Learn more about indices.

@Unique

This decorator allows you to create a database unique constraint for a specific column or columns. This decorator can be applied only to an entity itself.

Examples:

@Entity()
@Unique(["firstName"])
@Unique(["lastName", "middleName"])
@Unique("UQ_NAMES", ["firstName", "lastName", "middleName"])
export class User {

    @Column()
    firstName: string;

    @Column()
    lastName: string;

    @Column()
    middleName: string;
}

Note: MySQL stores unique constraints as unique indices

@Check

This decorator allows you to create a database check constraint for a specific column or columns. This decorator can be applied only to an entity itself.

Examples:

@Entity()
@Check(`"firstName" <> 'John' AND "lastName" <> 'Doe'`)
@Check(`"age" > 18`)
export class User {

    @Column()
    firstName: string;

    @Column()
    lastName: string;

    @Column()
    age: number;
}

Note: MySQL does not support check constraints.

@Exclusion

This decorator allows you to create a database exclusion constraint for a specific column or columns.
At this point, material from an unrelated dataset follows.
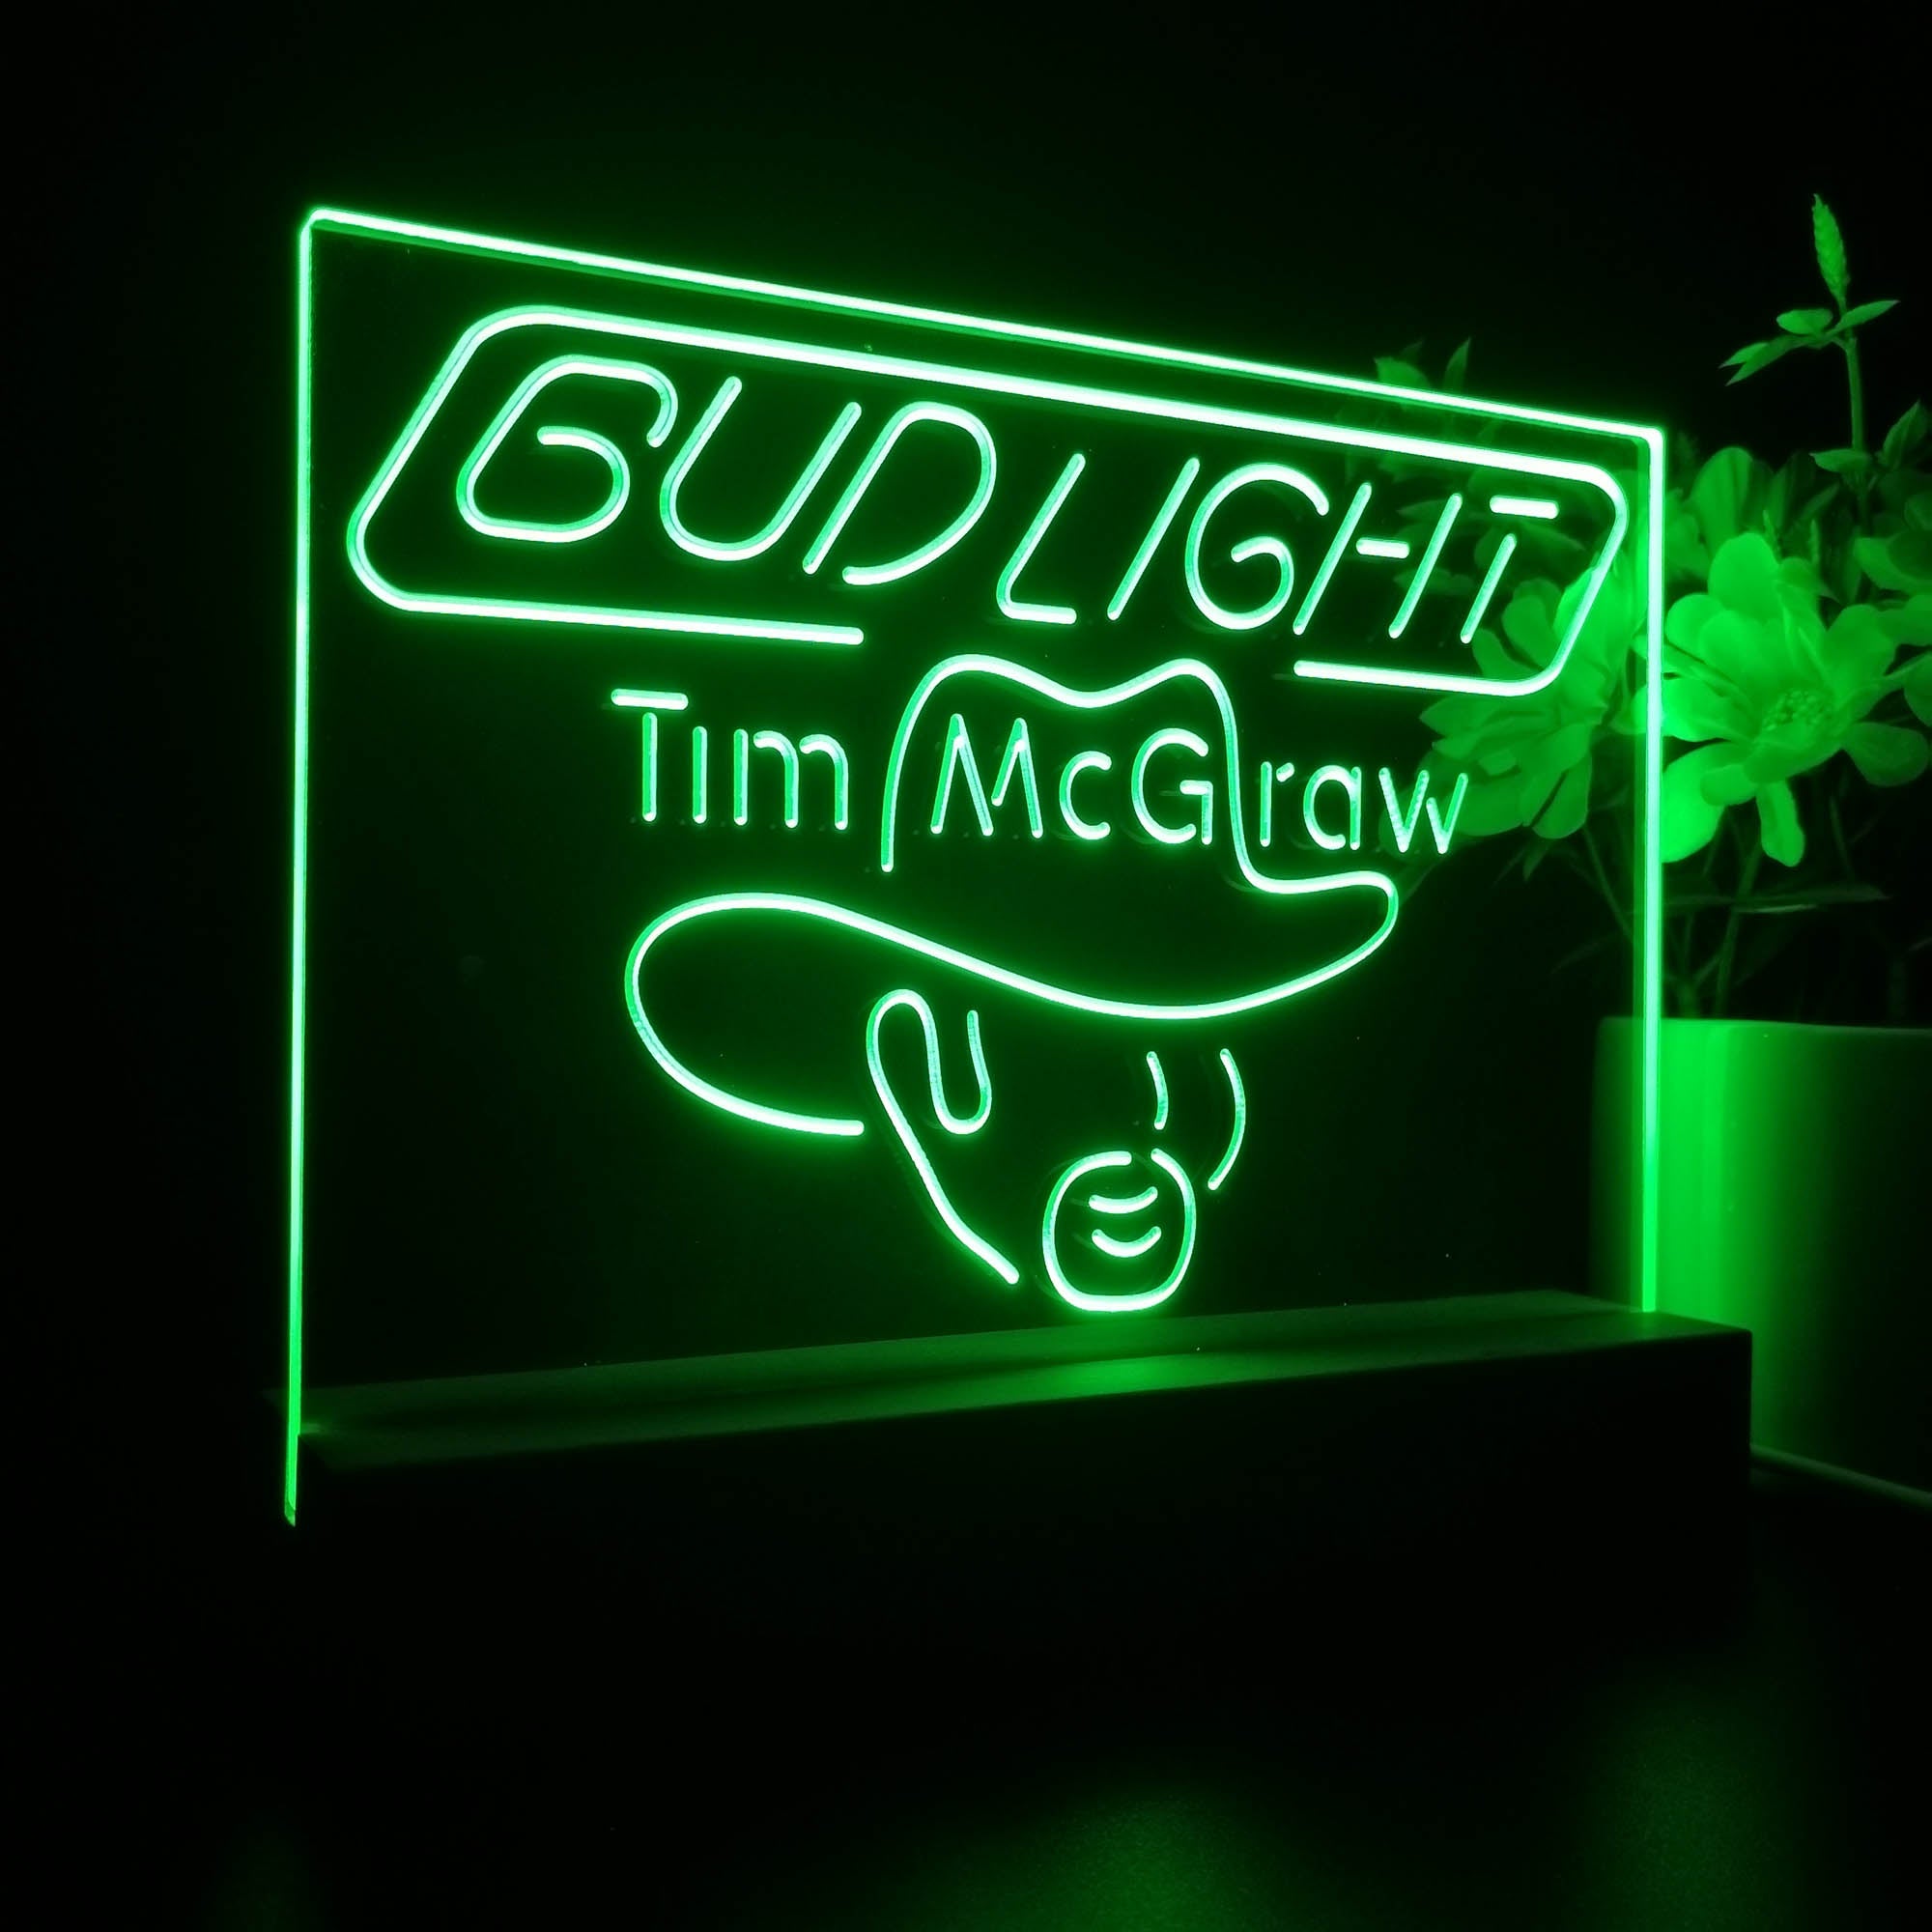 Bud Light Tim McGraw Beer Bar Night Light LED Sign

This decorator can be applied only to an entity itself.

Examples:

@Entity()
@Exclusion(`USING gist ("room" WITH =, tsrange("from", "to") WITH &&)`)
export class RoomBooking {

    @Column()
    room: string;

    @Column()
    from: Date;

    @Column()
    to: Date;
}

Note: Only PostgreSQL supports exclusion constraints.

@Transaction, @TransactionManager and @TransactionRepository

@Transaction is used on a method and wraps all its execution into a single database transaction. All database queries must be performed using the @TransactionManager provided manager or with the transaction repositories injected with @TransactionRepository. Examples:

@Transaction()
save(@TransactionManager() manager: EntityManager, user: User) {
    return manager.save(user);
}
@Transaction()
save(user: User, @TransactionRepository(User) userRepository: Repository<User>) {
    return userRepository.save(user);
}
@Transaction()
save(@QueryParam("name") name: string, @TransactionRepository() userRepository: UserRepository) {
    return userRepository.findByName(name);
}

Note: all operations inside a transaction MUST ONLY use the provided instance of EntityManager or injected repositories. Using any other source of queries (global manager, global repositories, etc.) will lead to bugs and errors.

Learn more about transactions.

@EntityRepository

Marks a custom class as an entity repository. Example:

@EntityRepository()
export class UserRepository {

    /// ... custom repository methods ...

}

You can obtain any custom created repository using connection.getCustomRepository or entityManager.getCustomRepository methods.

Learn more about custom entity repositories.


Note: some decorators (like @Tree, @ChildEntity, etc.) aren't documented in this reference because they are treated as experimental at the moment. Expect to see their documentation in the future.